- REQUIREMENT -
The pictures must be left out, while the rest of the data is copied exactly.

- SUPPLIED MATERIAL -
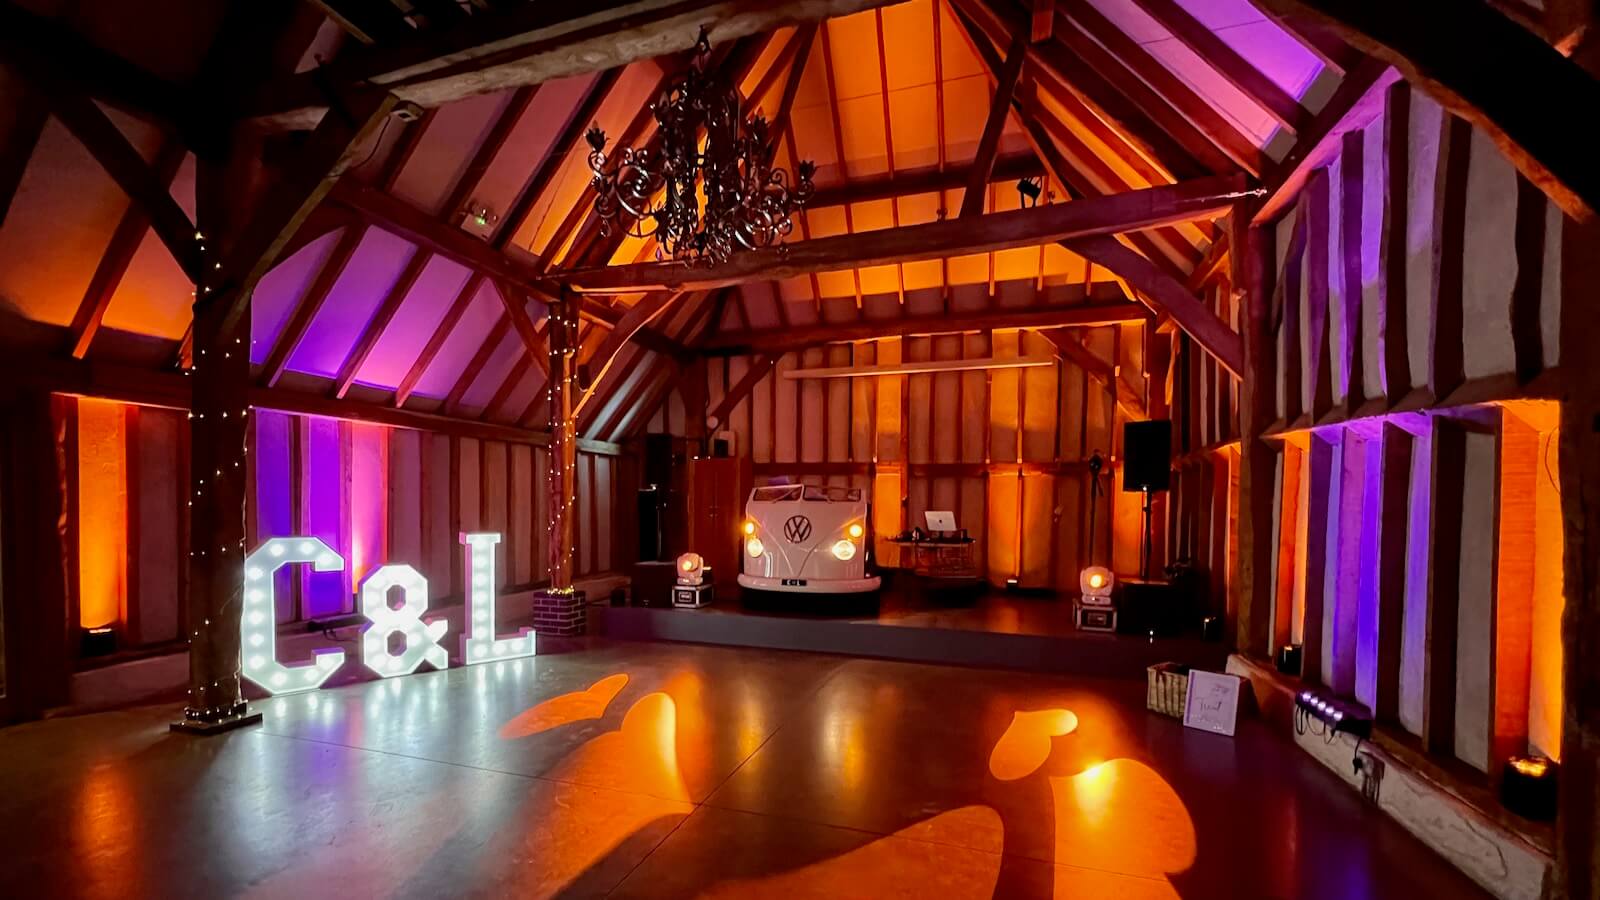 Brian Mole wedding DJ with VW DJ booth, working alongside a singer at Southend Barns
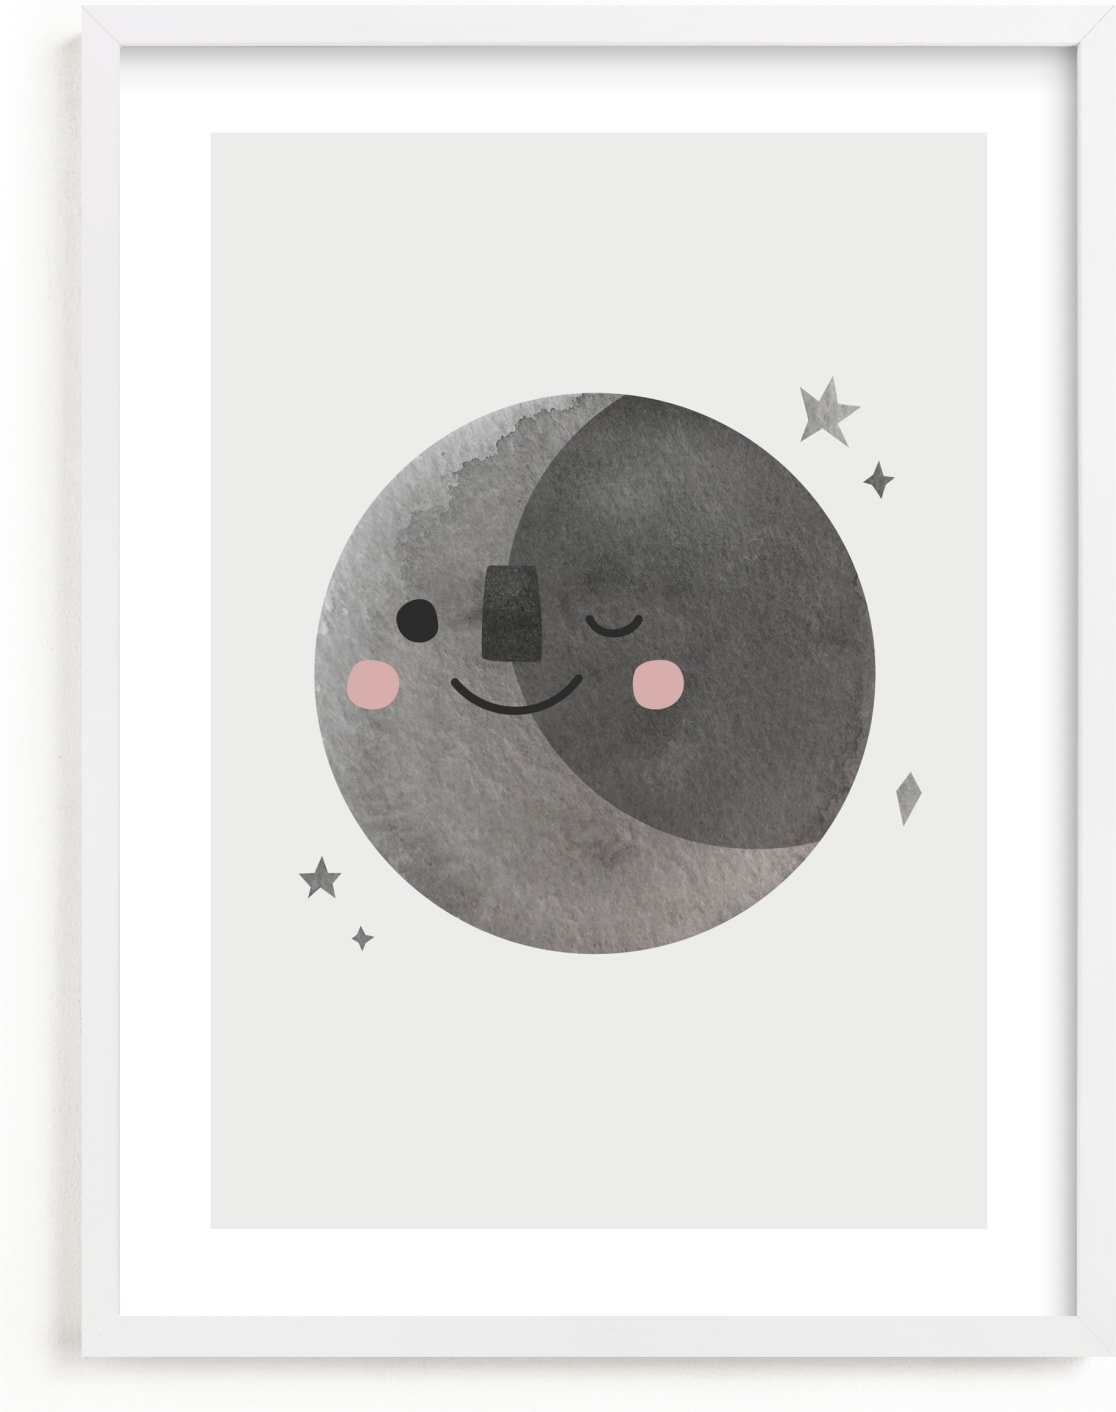 This is a grey art by Mollie Bohannon called A Happy Moon.
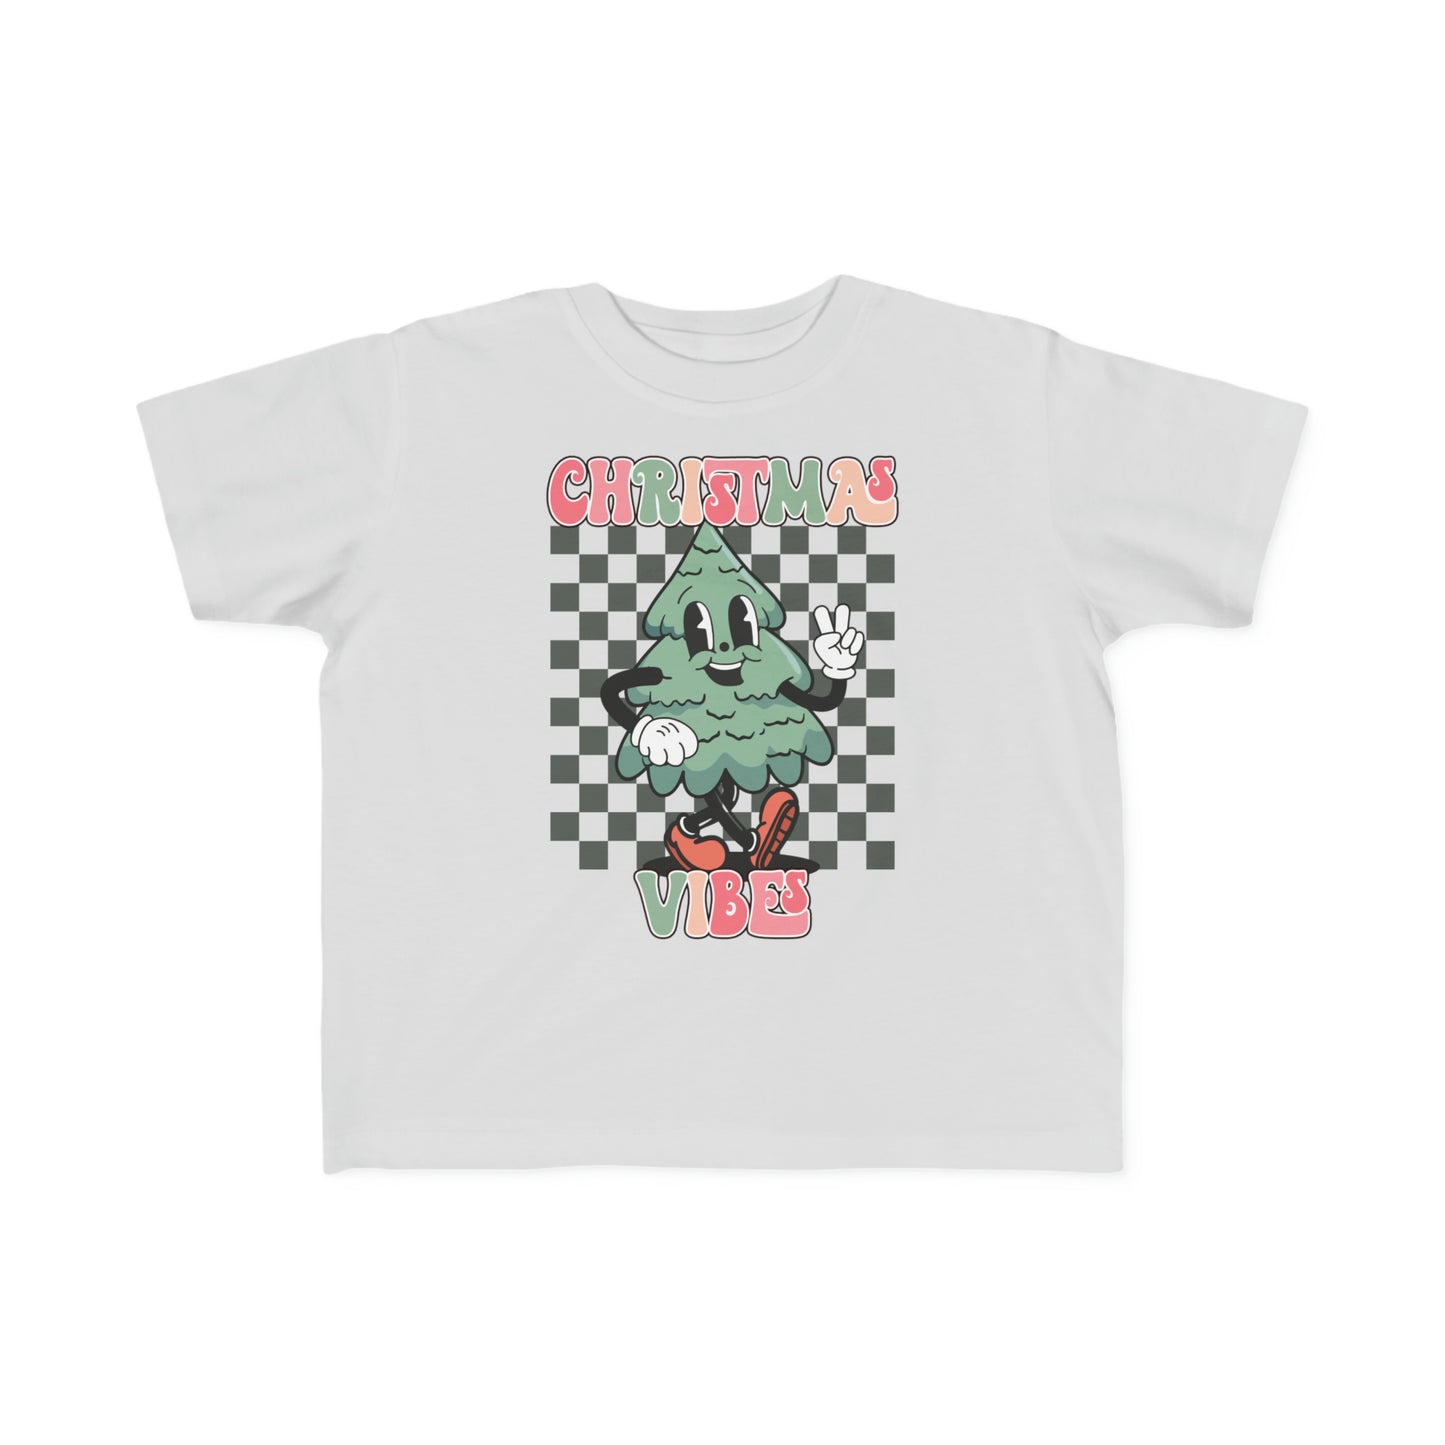 Christmas Vibes Toddler's Fine Jersey Tee

- TASK OUTPUT -
 Brian Mole wedding DJ with VW DJ booth, working alongside a singer at Southend Barns
 This is a grey art by Mollie Bohannon called A Happy Moon.
 Christmas Vibes Toddler's Fine Jersey Tee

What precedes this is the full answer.